Benim için yazmak okumakla başlar. Ve Güven çok sesli bir roman olduğu için epeyce okumak zorunda kaldım. Roman, farklı kurgusal yazarlar tarafından farklı tür ve tarzlarda yazılmış dört farklı kitap içerir. Roman içinde roman olan ilk bölüm için, Edith Wharton, Constance Fenimore Woolson, Vernon Lee, Henry ve Alice James gibi yüzyılın başındaki birçok kadın yazarı okudum ve yeniden okudum. İkinci bölüm, “büyük bir adam” sesiyle yazılmış, parça parça bir tarihi belgedir. Uzun bir süre, insanları büken anılarla dolu zar zor sindirilebilir bir diyet yedim – Andrew Carnegie, Theodore Roosevelt, Henry Ford ve Calvin Coolidge bu iğrenç menüdeki isimlerden sadece birkaçı. Üçüncü kitap çok farklı bir üsluba sahip ve Joan Didion, Lillian Ross gibi yazarlardan ilham almak büyük bir zevkti. “Güven”, hem bir tür nesir şiiri hem de moderniteye olan aşkını ilan eden kişisel bir günlükle sona eriyor. Bunu yazarken, Jean Rhys, Ludwig Wittgenstein, Virginia Woolf, Sylvia Townsend Warner, Dawn Powell, Theodor Adorno ve Gertrude Stein gibi çok çeşitli yazarları okudum ve tekrar ziyaret ettim. Ayrıca pek çok arşiv çalışması yaptım ve Amerikalı kodamanlarla evli birkaç gerçek kadının kişisel belgelerini incelemek özellikle dokunaklıydı.

Herhangi bir teselli okumanız var mı?

Az önce kütüphanemin PG Wodehouse bölümüne gittim ve 29 kitabını okuduğumu bildirebilirim. Oh, Wodehouse’u ne kadar seviyorum! Tekrarlanabilirliğiyle her zaman şaşırtıcı, her zaman keyifli, havadar dünyasında bizi her zaman güvende hissettiriyor.

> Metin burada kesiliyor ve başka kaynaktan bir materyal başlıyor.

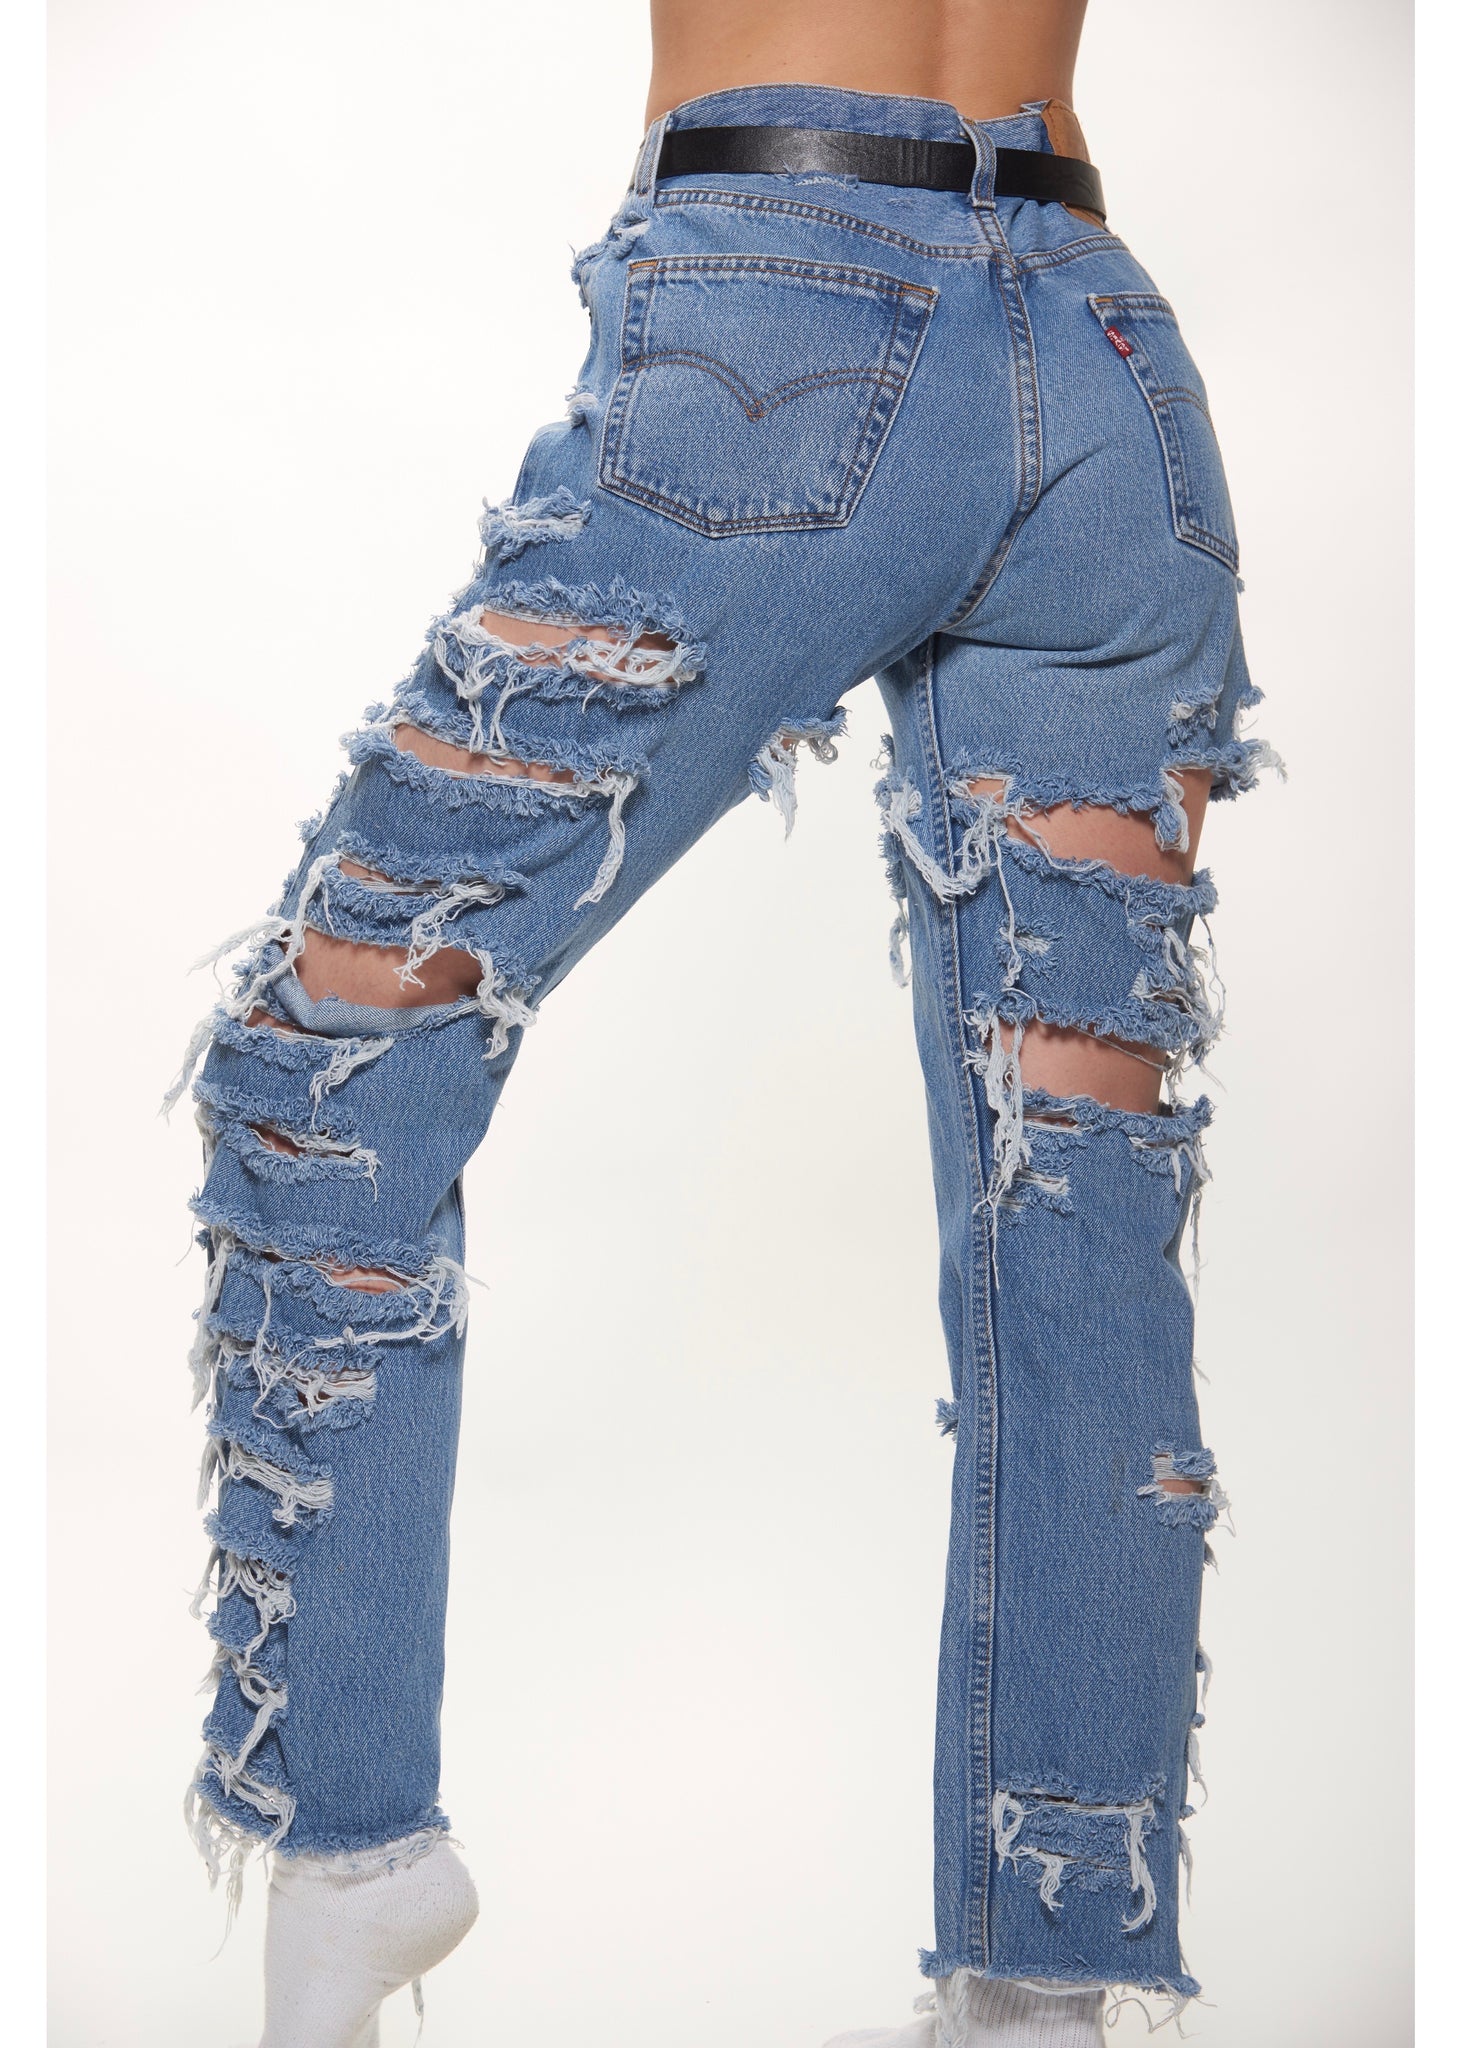 shred jeans

Wodehouse’un bana bu kadar rahatlık vermesi ve aynı zamanda onun romanlarından birinden her çıktığımda hayatımın ne kadar acımasız ve perişan olduğunu hissettirmesi ironik.

Bir kitap sizi hiç başka birine yakınlaştırdı mı veya aranıza girdi mi?

Bazı yazarlar bir konuşkanlığın şifreleri gibidir. Örneğin, David Markson’ı seven biri anında arkadaş olur. Ama bunun tam tersi de geçerli: Bir partide bahsedilmesi beni olabildiğince çabuk ve diplomatik bir şekilde odanın diğer ucuna gönderen yazarlardan oluşan gizli bir listem var.

Son zamanlarda bir kitaptan öğrendiğiniz en ilginç şey nedir?

“Karaya ayak bastıklarında, karada yaşayan hayvanlar vücutlarında denizin bir kısmını taşıyorlardı; bu, çocuklarına miras bıraktıkları ve bugün bile her kara hayvanını eski deniz kökenlerine bağlayan bir miras. Balıklar, amfibiler ve sürüngenler, sıcakkanlı hayvanlar ve memeliler – her birimiz damarlarımızda sodyum, potasyum ve kalsiyum elementlerinin deniz suyuyla neredeyse aynı oranlarda birleştiği tuzlu bir akım taşıyoruz. Bu, milyonlarca yıl öncesinden, uzak bir atamızın, tek hücreliden çok hücreli duruma geçtikten sonra sıvının sadece deniz suyu olduğu bir dolaşım sistemi geliştirdiği zamandan kalan mirasımızdır. ” (Rachel Carson, “Çevremizdeki Deniz”)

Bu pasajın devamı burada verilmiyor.